7. Periodically clean up the junk files in the Mail directory to prevent inodes nodes from being filled.

8, streamline and maintain the necessary start-up services, such as: Crond, sshd, Rsyslog, iptables, Network, Sysstat.
Method One:
[[email protected] ~]# for name in ' Chkconfig--list | grep 3:on | awk ' {print '} ' | Grep-ev "Sshd|crond|iptables|network|rsyslog|sshd|sysstat" ';d o chkconfig $name off;done

Method Two:
[Email protected] ~]# Chkconfig--list | grep 3:on | awk ' {print '} ' | Grep-ev "Sshd|crond|iptables|network|rsyslog|sshd|sysstat" | Sed-r ' s# (. *) #chkconfig \1 off#g ' | Bash

Method Three:
[Email protected] ~]# Chkconfig--list | grep 3:on | awk ' {print '} ' | Grep-ev "Crond|iptables|network|rsyslog|sshd|sysstat" | awk ' {print ' chkconfig "" "\" "" "Off"} ' | Bash

9, Linux kernel parameter optimization

[[email protected] ~]# vim/etc/sysctl.conf
Net.ipv4.tcp_syn_retries = 1
Net.ipv4.tcp_synack_retries = 1
Net.ipv4.tcp_keepalive_time = 600
Net.ipv4.tcp_keepalive_probes = 3
NET.IPV4.TCP_KEEPALIVE_INTVL =15
Net.ipv4.tcp_retries2 = 5
Net.ipv4.tcp_fin_timeout = 2
Net.ipv4.tcp_max_tw_buckets = 36000
Net.ipv4.tcp_tw_recycle = 1
Net.ipv4.tcp_tw_reuse = 1
Net.ipv4.tcp_max_orphans = 32768
Net.ipv4.tcp_syncookies = 1
Net.ipv4.tcp_max_syn_backlog = 16384
Net.ipv4.tcp_wmem = 8192 131072 16777216
Net.ipv4.tcp_rmem = 32768 131072 16777216
Net.ipv4.tcp_mem = 786432 1048576 1572864
Net.ipv4.ip_local_port_range = 1024 65000
Net.ipv4.ip_conntrack_max = 65536
net.ipv4.netfilter.ip_conntrack_max=65536
net.ipv4.netfilter.ip_conntrack_tcp_timeout_established=180
Net.core.somaxconn = 16384
Net.core.netdev_max_backlog = 16384
[[email protected] ~]# sysctl-p # #立即生效

10, change the character set to support Chinese, but it is recommended to use the English character set, to prevent garbled.
Server-side:
[Email protected] ~]# export LANG=ZH_CN. UTF-8 # # temporary entry into force
[Email protected] ~]# sed-i ' S#en_us.

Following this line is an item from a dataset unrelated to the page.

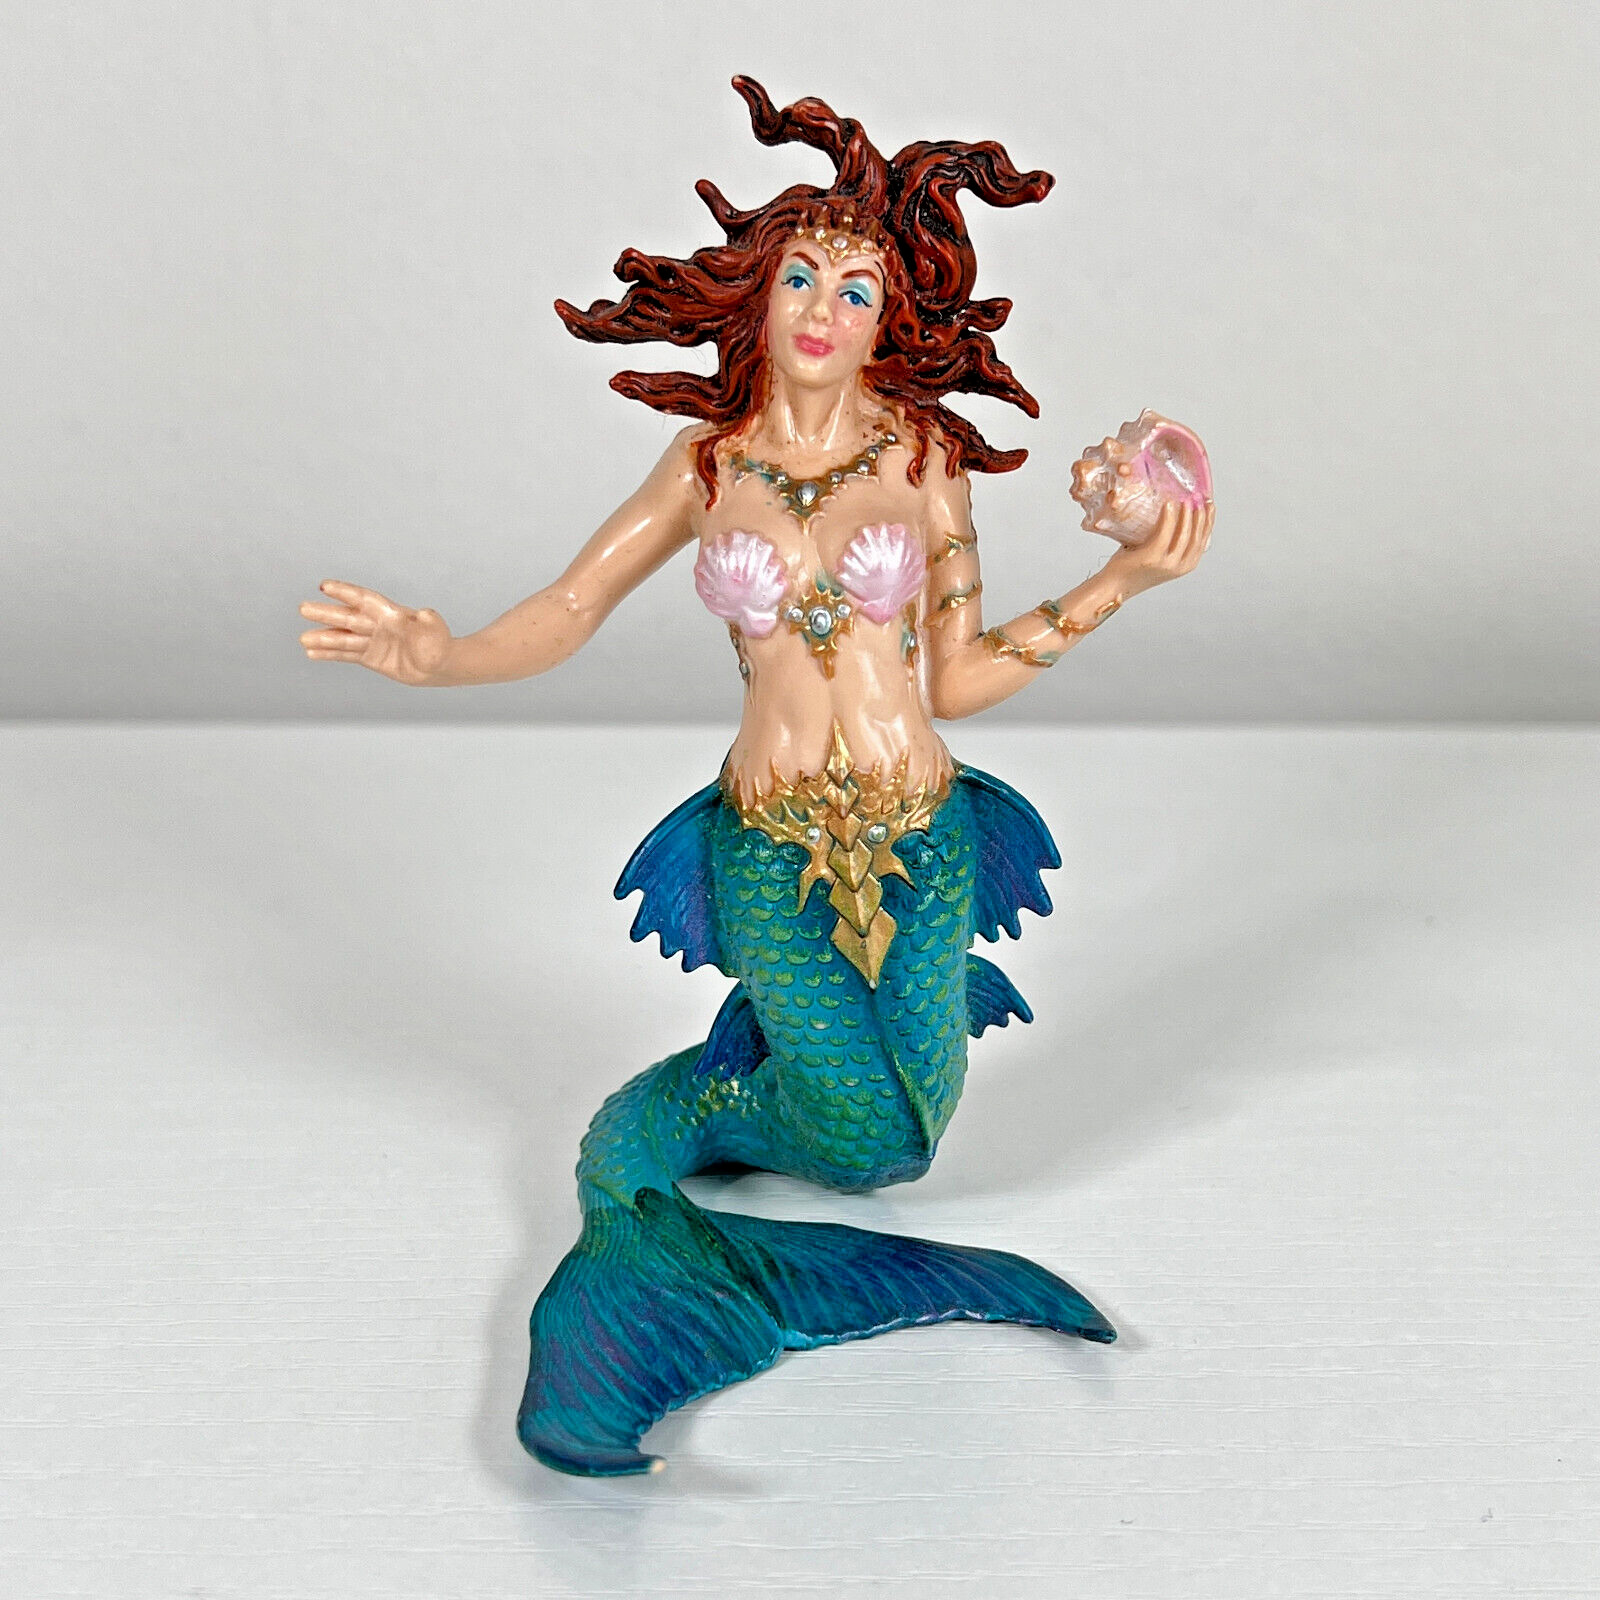 Mermaid from Safari Ltd - Mythical Realms Toy - Greek, Roman Mythology 800929

Utf-8#zh_cn. Utf-8#g '/etc/sysconfig/i18n # # Perpetual effect
[[email protected] ~]# source/etc/sysconfig/i18n # # no reboot effective

Client:
Session Options---appearance--character encoding selection UTF-8
650) this.width=650; "src=" Http://s4.51cto.com/wyfs02/M01/76/D4/wKioL1ZdUhjBCtUqAAIMc4HaTMc096.jpg "title=" QQ picture 20151201155148.jpg "alt=" Wkiol1zduhjbctuqaaimc4hatmc096.jpg "/>

11, lock the key system files, such as:/etc/passwd,/etc/shadow,/etc/group,/etc/gshadow.
[Email protected] ~]# chattr +i/etc/passwd
[Email protected] ~]# chattr +i/etc/shadow
[Email protected] ~]# chattr +i/etc/group
[Email protected] ~]# chattr +i/etc/gshadow
[Email protected] ~]# LSATTR/ETC/PASSWD##View file properties
----I--------e-/etc/passwd
[Email protected] ~]# Lsattr/etc/shadow
----I--------e-/etc/shadow
[Email protected] ~]# Lsattr/etc/group
----I--------e-/etc/group
[Email protected] ~]# Lsattr/etc/gshadow
----I--------e-/etc/gshadow

12, empty/etc/issue,/etc/issue.net, remove the system and kernel version login information.
[Email protected] ~]# >/etc/issue.net
[[email protected] ~]# echo "This server for test" >/ETC/MOTD

Last Login:mon-05:04:13 from 192.168.1.104
This server for test
[Email protected] ~]#

13. Clear the redundant system virtual account.

14. Set the Grub menu password.
[Email protected] ~]#/sbin/grub-md5-crypt
Password:##Password Axbc1kof
Retype Password:
$1$5yv9p$tu. Bckbxwer.rvc/kvkfh1
[Email protected] ~]# vim/boot/grub/grub.conf
Default=0
Timeout=5
Splashimage= (hd0,0)/grub/splash.xpm.gz
Password--md5 $1$5yv9p$tu. Bckbxwer.rvc/kvkfh1
Hiddenmenu
Title CentOS (2.6.32-358.el6.x86_64)
Root (hd0,0)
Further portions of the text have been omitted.